Wednesday, September 19, 2012

Imagined Networks in the Novel


Benedict Anderson’s text on the ‘Apprehension of Time’ in Imagined Communities includes a “time chart” of events that might occur within the narrative of an eighteenth century novel (25).  This chart is included to help demonstrate the way in which the novel includes different characters which are related to one another, although they don’t know each other.  According to Anderson, these abstract connections, between apparent strangers, construct within the reader a concept of what an imagined community is, or could be.  As Anderson writes of the worlds within the novels:

“These societies are sociological entities of such firm and stable reality that their members can be described as  passing each other on the street without ever becoming acquainted, and still be connected”(25).

The last clause (“and still be connected”) is what gives me pause, as it is not clear to me why or how they are connected, except through the conception of the reader.  Their connection via the omniscience of the reader is logical, but Anderson is clear that this is a second, separate point.  Thus, according the Anderson, there seems to be an assumption that the connections between the ‘separated’ characters within the constructed societies rely on an undeniable, natural connection between all characters within the novel, simply by nature of their being in a singular society in a singular novel. 

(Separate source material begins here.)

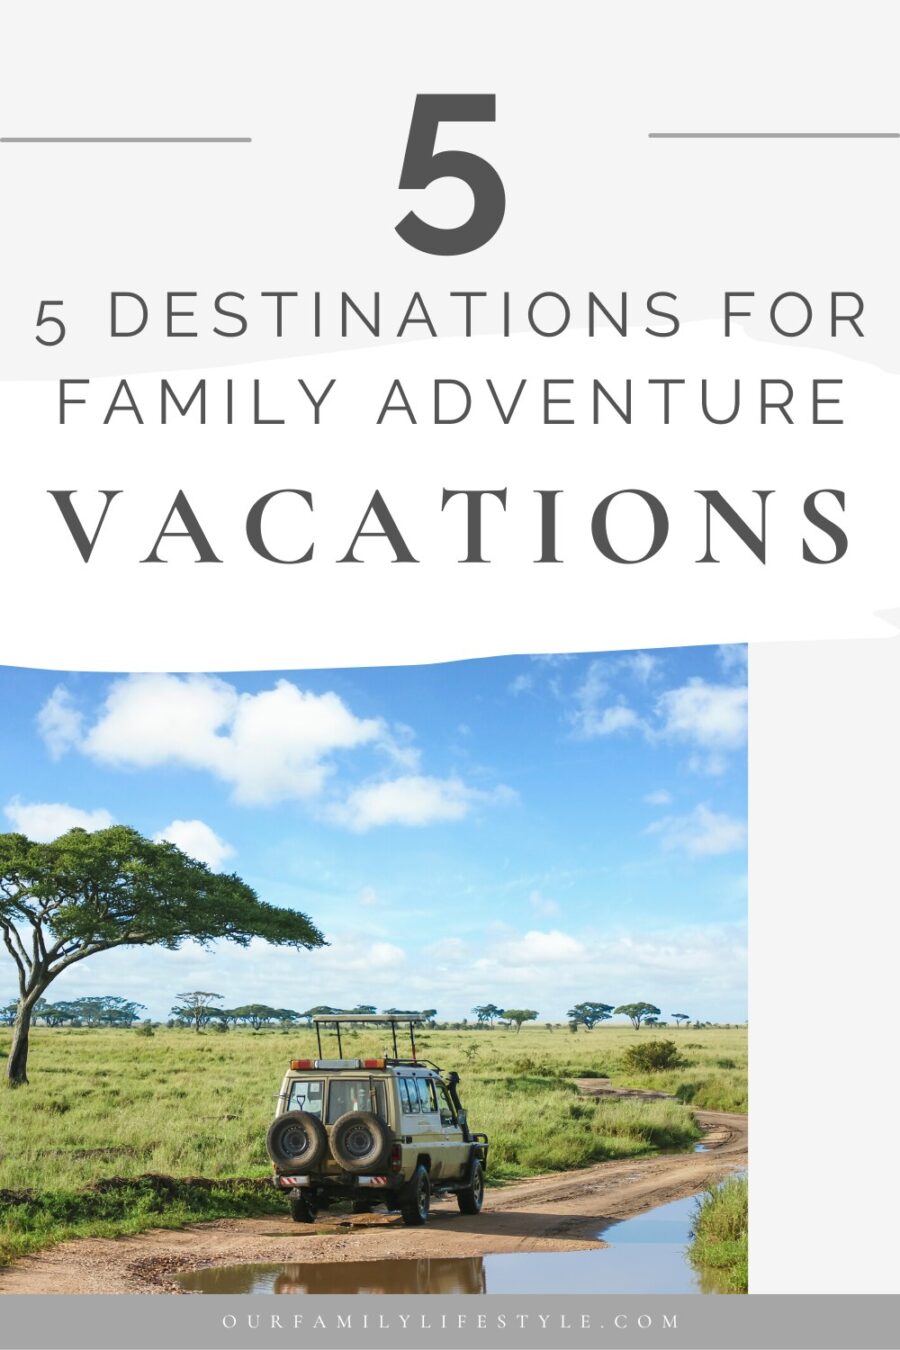 5 Incredible Destinations for Family Adventure Vacations
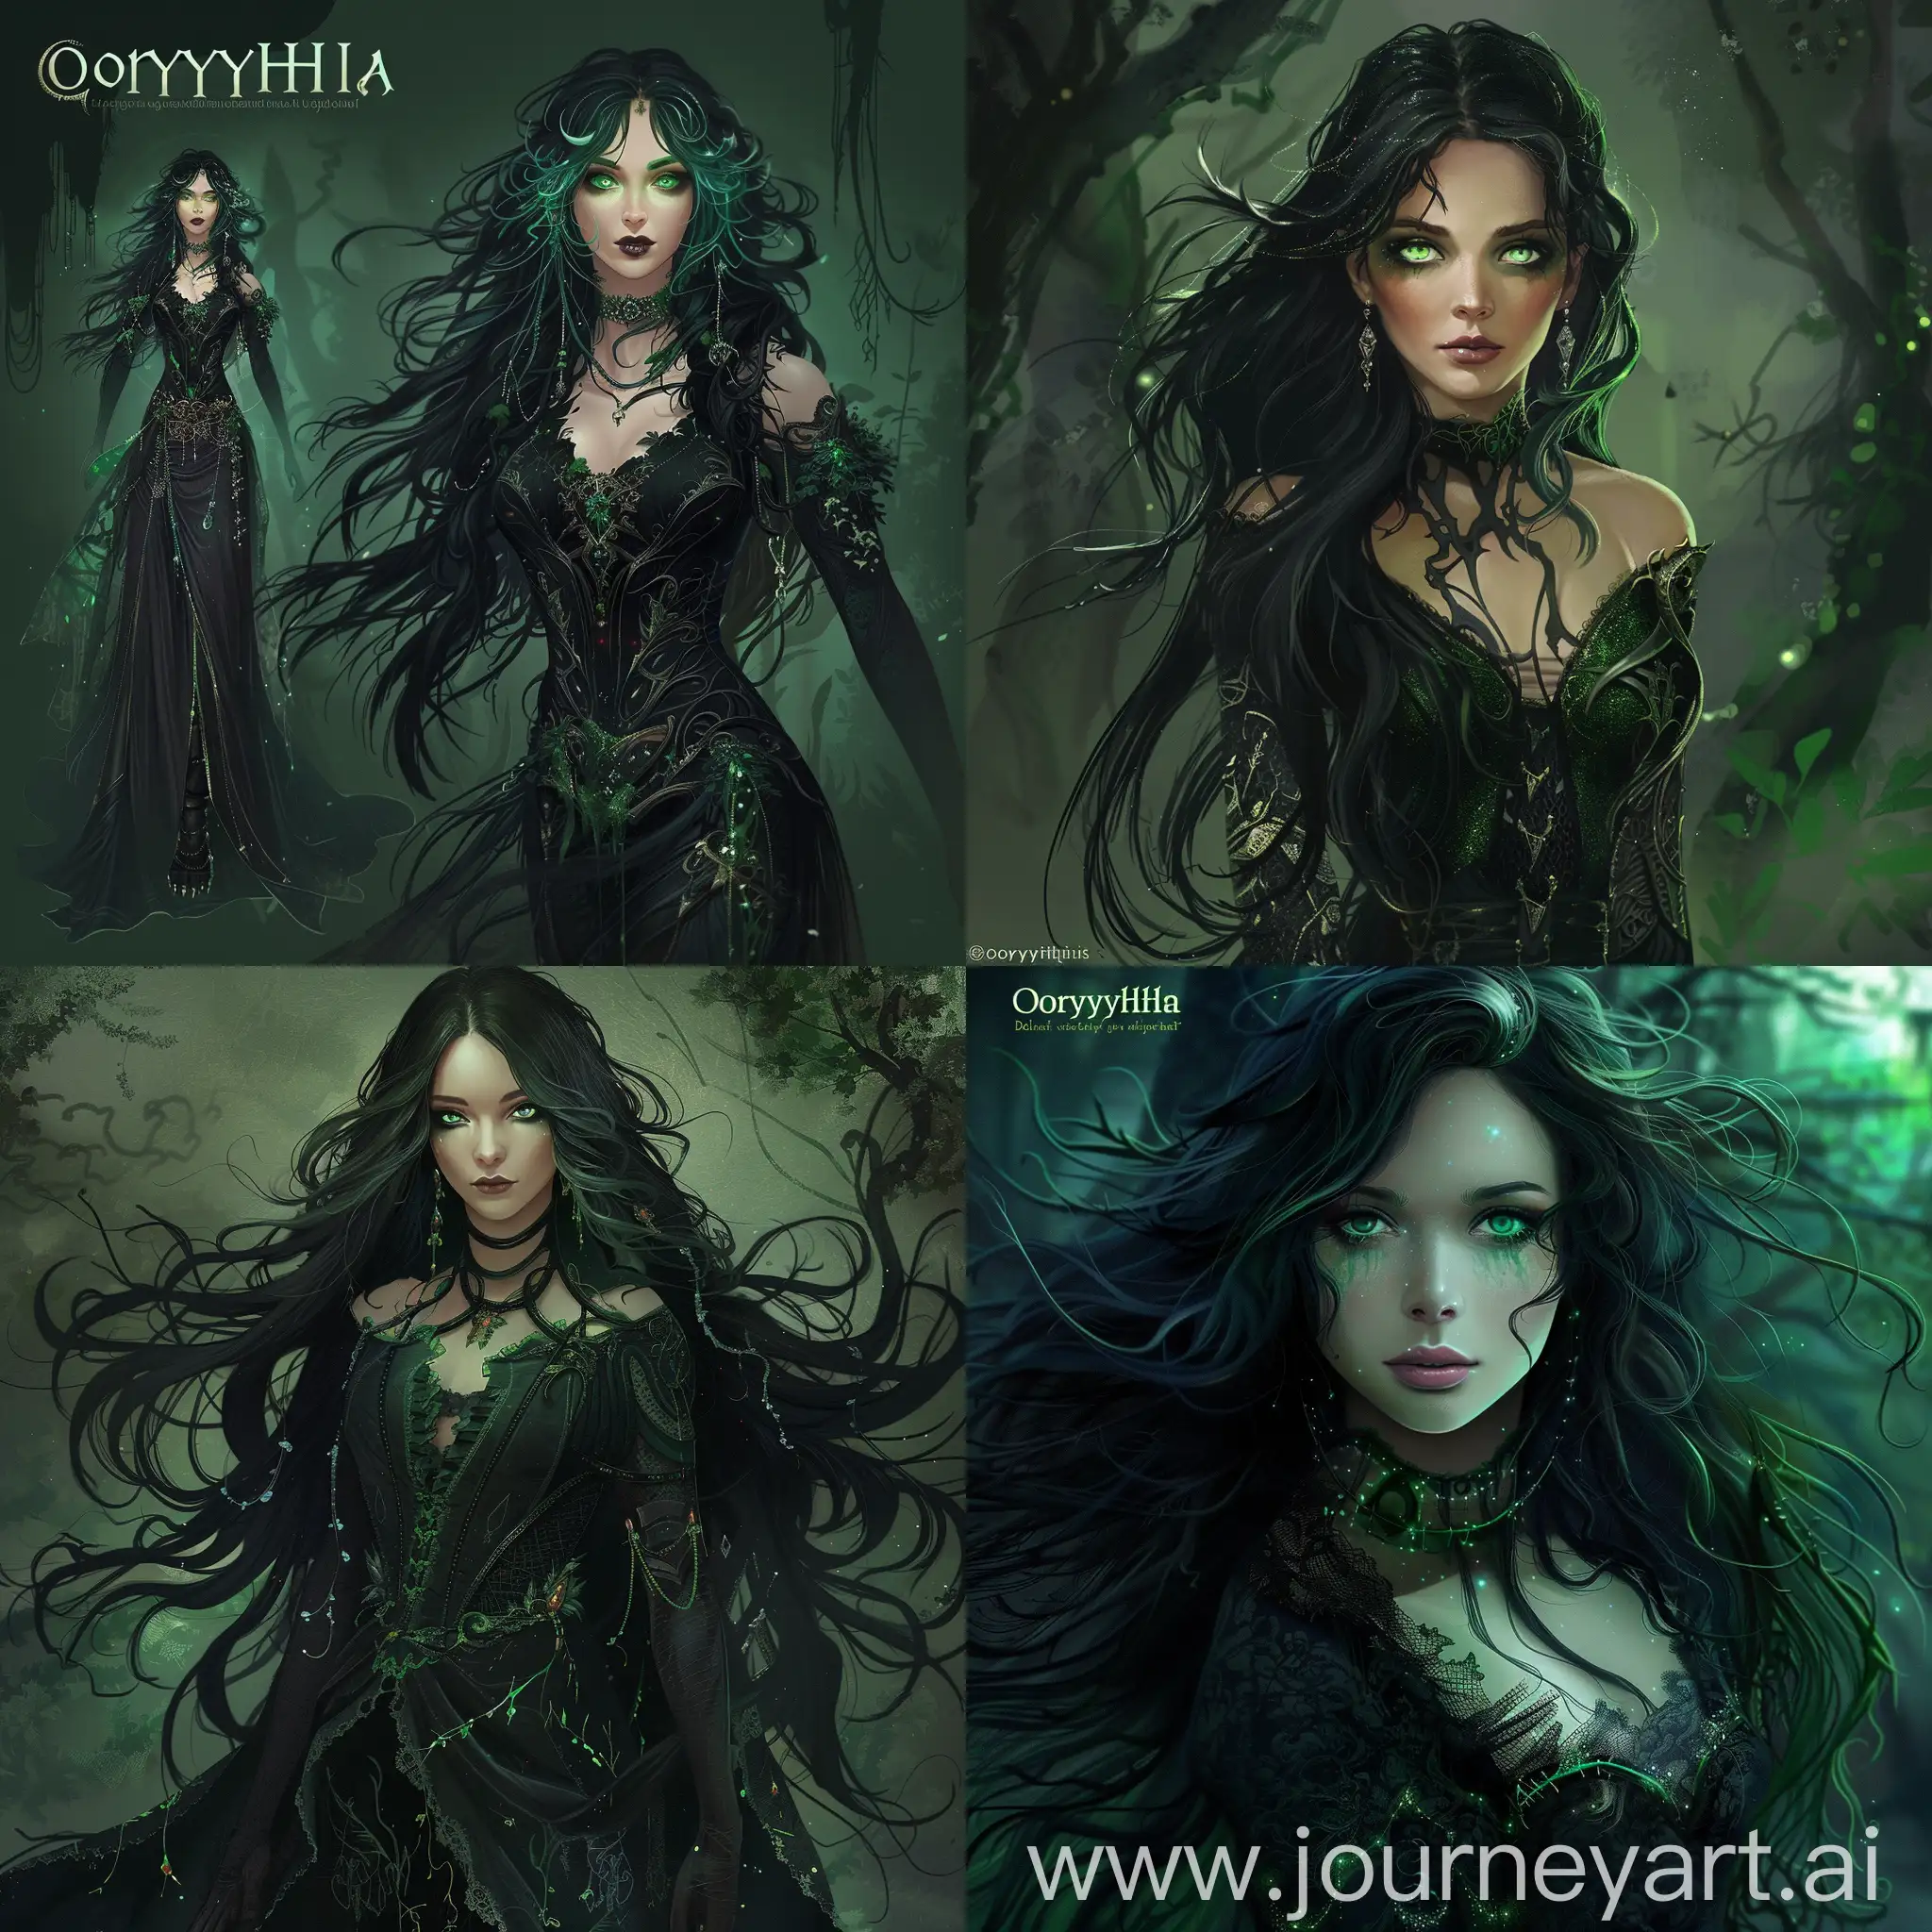 Ethereal-Beauty-Lorythia-Guardian-of-the-Dark-Woodland-Realm

While it seems true that the eighteenth century novel demonstrated ways in which imagined communities could be conceived, it seems to me that the readers would have to have a preexisting proclivity towards understanding society in this way to even conceive of these ‘separate’ characters as being related simply through their existence in the same society.  The imagined society, as demonstrated here by Anderson, seems to rely on an imagined network (of friends of friends, of having mutual acquaintances with strangers, etc.) that could not possibly be entirely created within the confines of the novel, but must have existed already within the lives of the readers.  While it seems to me that the eighteenth century novel played a part in the development of the idea of a society through these imagined networks, it also seems that the novels existence in the historical context of urbanization (and thus no longer living in the small-town or country atmosphere) is essential to the development and change in the western perception of time with regard to the novel.